An SLR was performed in accordance with the Cochrane Handbook for Systematic Reviews of Interventions [ 31 ] and reported in alignment with the Preferred Reporting Items for Systematic Literature Reviews and Meta-Analyses (PRISMA) statement [ 32 ] to identify all RWE studies assessing the effectiveness and safety of treatments used for patients with HR+/HER2- LABC/mBC following 1 L CDK4/6i therapy and received subsequent treatment in 2 L and beyond (2 L+). The Ovid® platform was used to search MEDLINE® (including Epub Ahead of Print and In-Process, In-Data-Review & Other Non-Indexed Citations), Ovid MEDLINE® Daily, Embase, Cochrane Central Register of Controlled Trials, and Cochrane Database of Systematic Reviews by an experienced medical information specialist. The MEDLINE® search strategy was peer-reviewed independently by a senior medical information specialist before execution using the Peer Review of Electronic Search Strategies (PRESS) checklist [ 33 ]. Searches were conducted on December 14, 2022. The review protocol was developed a priori and registered with the International Prospective Register of Systematic Review (PROSPERO; CRD42023383914) which outlined the population, intervention, comparator, outcome, and study design (PICOS) criteria and methodology used to conduct the review (Table  1 ).

Search strategies utilized a combination of controlled vocabulary (e.g., “HER2 Breast Cancer” or “HR Breast Cancer”) and keywords (e.g., “Retrospective studies”). Vocabulary and syntax were adjusted across databases. Published and validated filters were used to select for study design and were supplemented using additional medical subject headings (MeSH) terms and keywords to select for RWE and nonrandomized studies [ 34 ]. No language restrictions were included in the search strategy. Animal-only and opinion pieces were removed from the results. The search was limited to studies published between January 2015 and December 2022 to reflect the time at which FDA approval was granted for the first CDK4/6i agent (palbociclib) in combination with AI for the treatment of LABC/mBC [ 35 ]. Further search details are presented in Supplementary Material 1 .

Grey literature sources were also searched to identify relevant abstracts and posters published from January 2019 to December 2022 for prespecified relevant conferences including ESMO, San Antonio Breast Cancer Symposium (SABCS), American Society of Clinical Oncology (ASCO), the International Society for Pharmacoeconomics and Outcomes Research (ISPOR US), and the American Association for Cancer Research (AACR). A search of ClinicalTrials.gov was conducted to validate the findings from the database and grey literature searches.

Study selection, data extraction & weighted average calculation

Studies were screened for inclusion using DistillerSR Version 2.35 and 2.41 (DistillerSR Inc. 2021, Ottawa, Canada) by two independent reviewers based on the prespecified PICOS criteria (Table  1 ).

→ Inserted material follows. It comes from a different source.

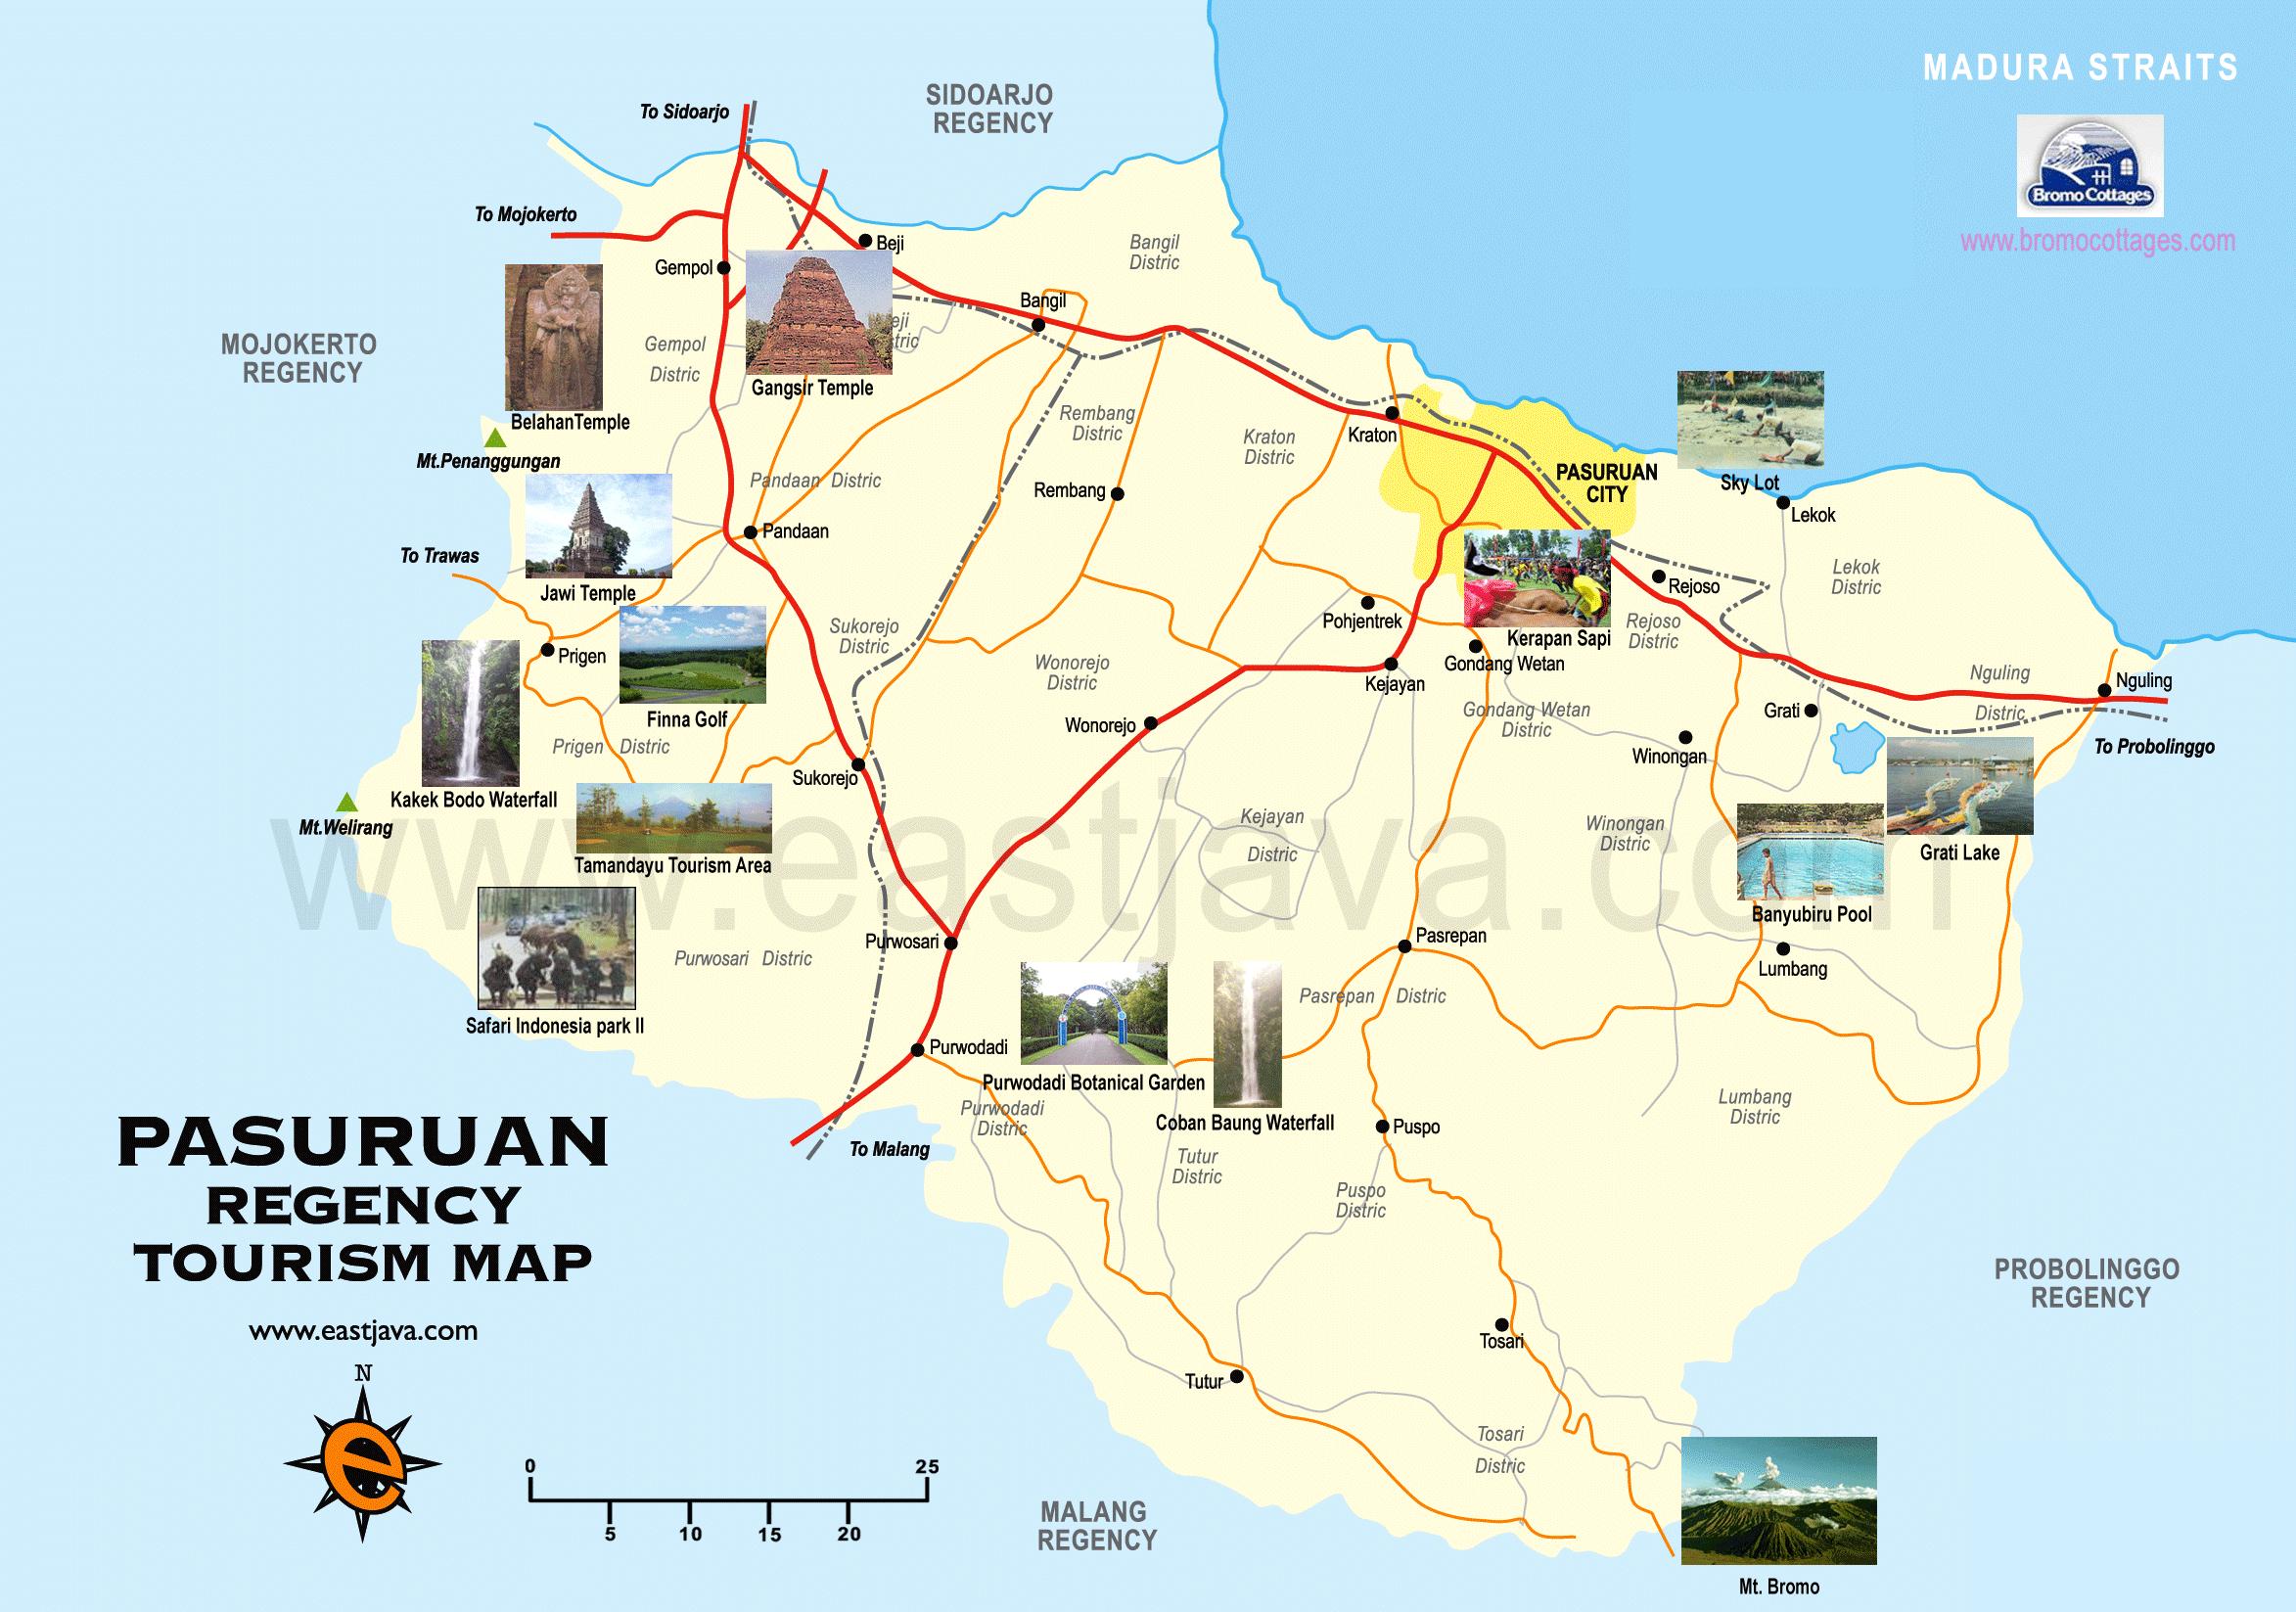 Peta Kabupaten Kota Pasuruan Meliputi Wisata Bukit Flora Kab

A third reviewer was consulted to resolve any discrepancies during the screening process. Studies were included if they reported RWE on patients aged ≥ 18 years with HR+/HER2- LABC/mBC who received 1 L CDK4/6i treatment and received subsequent treatment in 2 L+. Studies were excluded if they reported the results of clinical trials (i.e., non-RWE), were published in any language other than English, and/or were published prior to 2015 (or prior to 2019 for conference abstracts and posters). For studies that met the eligibility criteria, data relating to study design and methodology, details of interventions, patient eligibility criteria and baseline characteristics, and outcome measures such as efficacy, safety, tolerability, and patient-reported outcomes (PROs), were extracted (as available) using a Microsoft Excel®-based data extraction form (Microsoft Corporation, WA, USA). Data extraction was performed by a single reviewer and was confirmed by a second reviewer. Multiple publications identified for the same RWE study, patient population, and setting that reported data for the same intervention were linked and extracted as a single publication. Weighted average median real-world progression-free survival (rwPFS) values were calculated by considering the contribution to the median rwPFS of each study proportional to its respective sample size. These weighted values were then used to compute the overall median rwPFS estimate.

Quality assessment

The Newcastle-Ottawa scale (NOS) for nonrandomized (cohort) studies was used to assess the risk of bias for published, full-text studies [ 36 ]. The NOS allocates a maximum of nine points for the least risk of bias across three domains: (1) Formation of study groups (four points), (2) Comparability between study groups (two points), (3) Outcome ascertainment (three points). NOS scores can be categorized in three groups: very high risk of bias (0 to 3 points), high risk of bias (4 to 6), and low risk of bias (7 to 9) [ 37 ]. Risk of bias assessment was performed by one reviewer and validated by a second independent reviewer to verify accuracy. Due to limited methodological data by which to assess study quality, risk of bias assessment was not performed on conference abstracts or posters. An amendment to the PROSPERO record (CRD42023383914) for this study was submitted in relation to the quality assessment method (specifying usage of the NOS).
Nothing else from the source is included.